Copy verbatim the block of lines in the entries below whose first line contains "Breaking: Another team" and whose last line contains "PHOTO: Women will". Leave out all other lines.

Task material.
*** Block opens ***

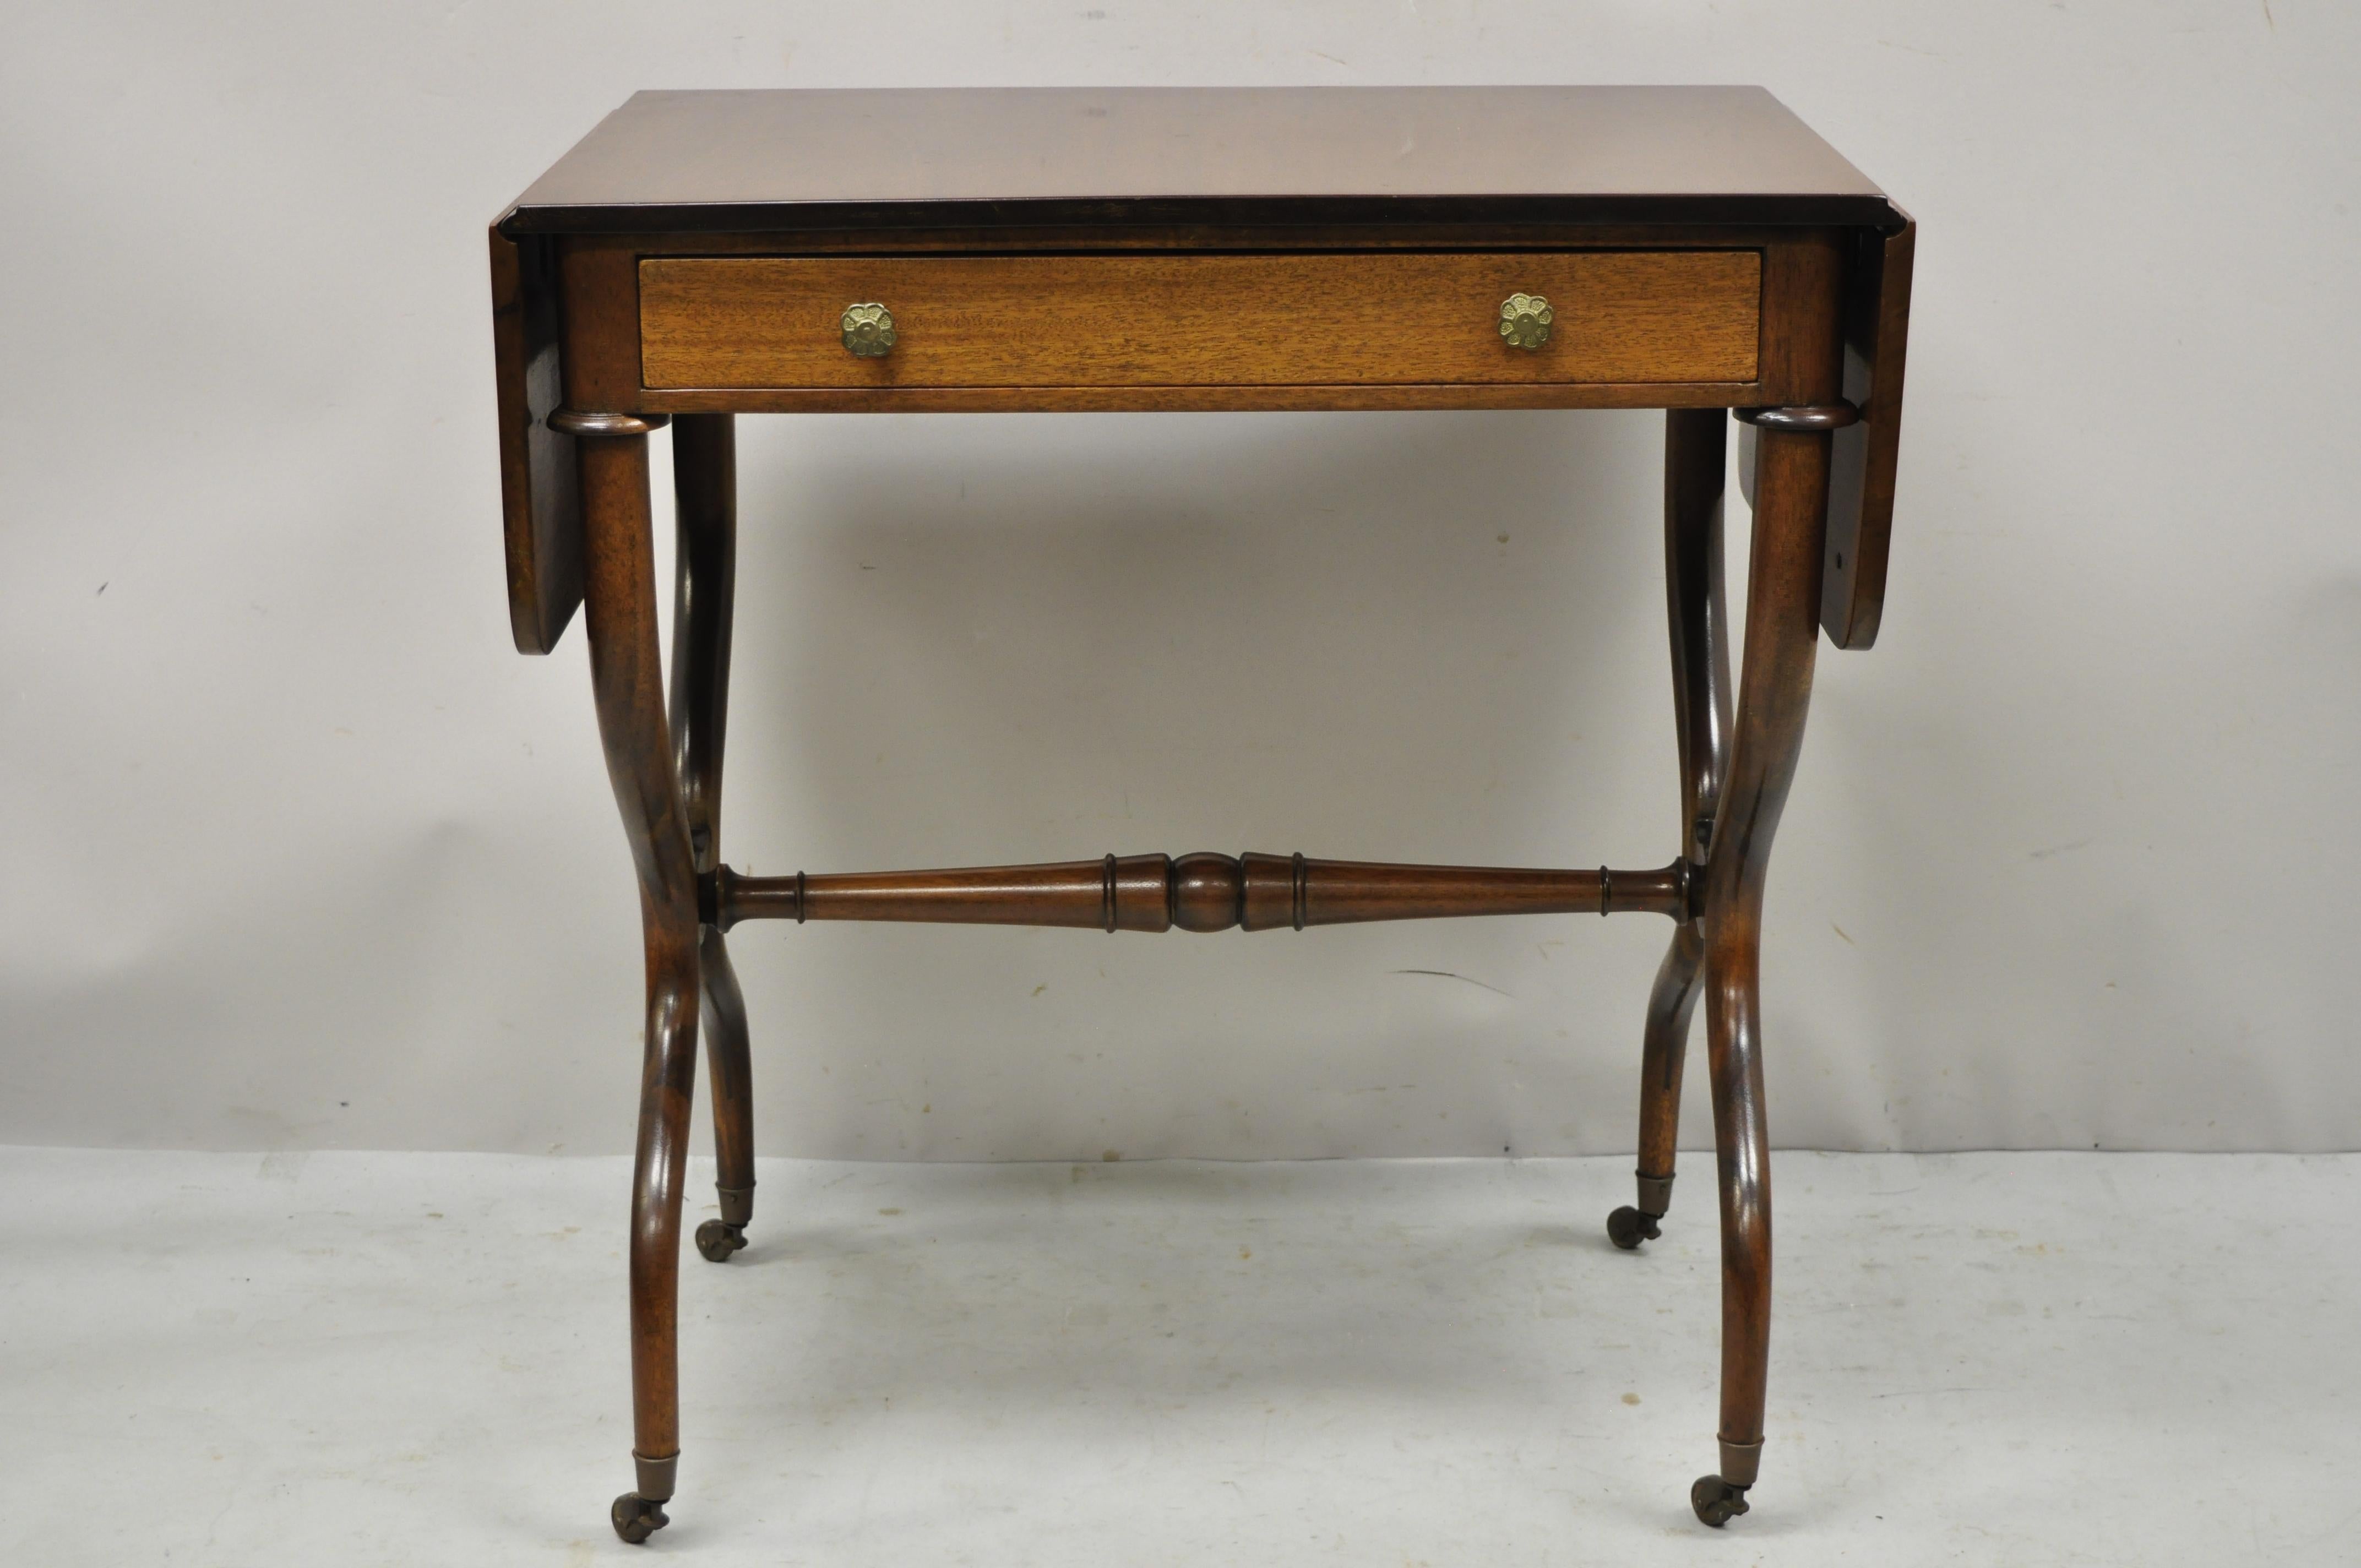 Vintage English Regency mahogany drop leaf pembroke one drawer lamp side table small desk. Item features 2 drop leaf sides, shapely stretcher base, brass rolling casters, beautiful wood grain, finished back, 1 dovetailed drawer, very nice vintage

*** Block closes ***
*** Block opens ***

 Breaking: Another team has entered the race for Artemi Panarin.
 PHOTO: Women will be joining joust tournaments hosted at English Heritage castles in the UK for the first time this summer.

*** Block closes ***
*** Block opens ***

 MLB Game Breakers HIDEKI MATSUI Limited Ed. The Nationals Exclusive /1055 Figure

*** Block closes ***

Task response.
 Breaking: Another team has entered the race for Artemi Panarin.
 PHOTO: Women will be joining joust tournaments hosted at English Heritage castles in the UK for the first time this summer.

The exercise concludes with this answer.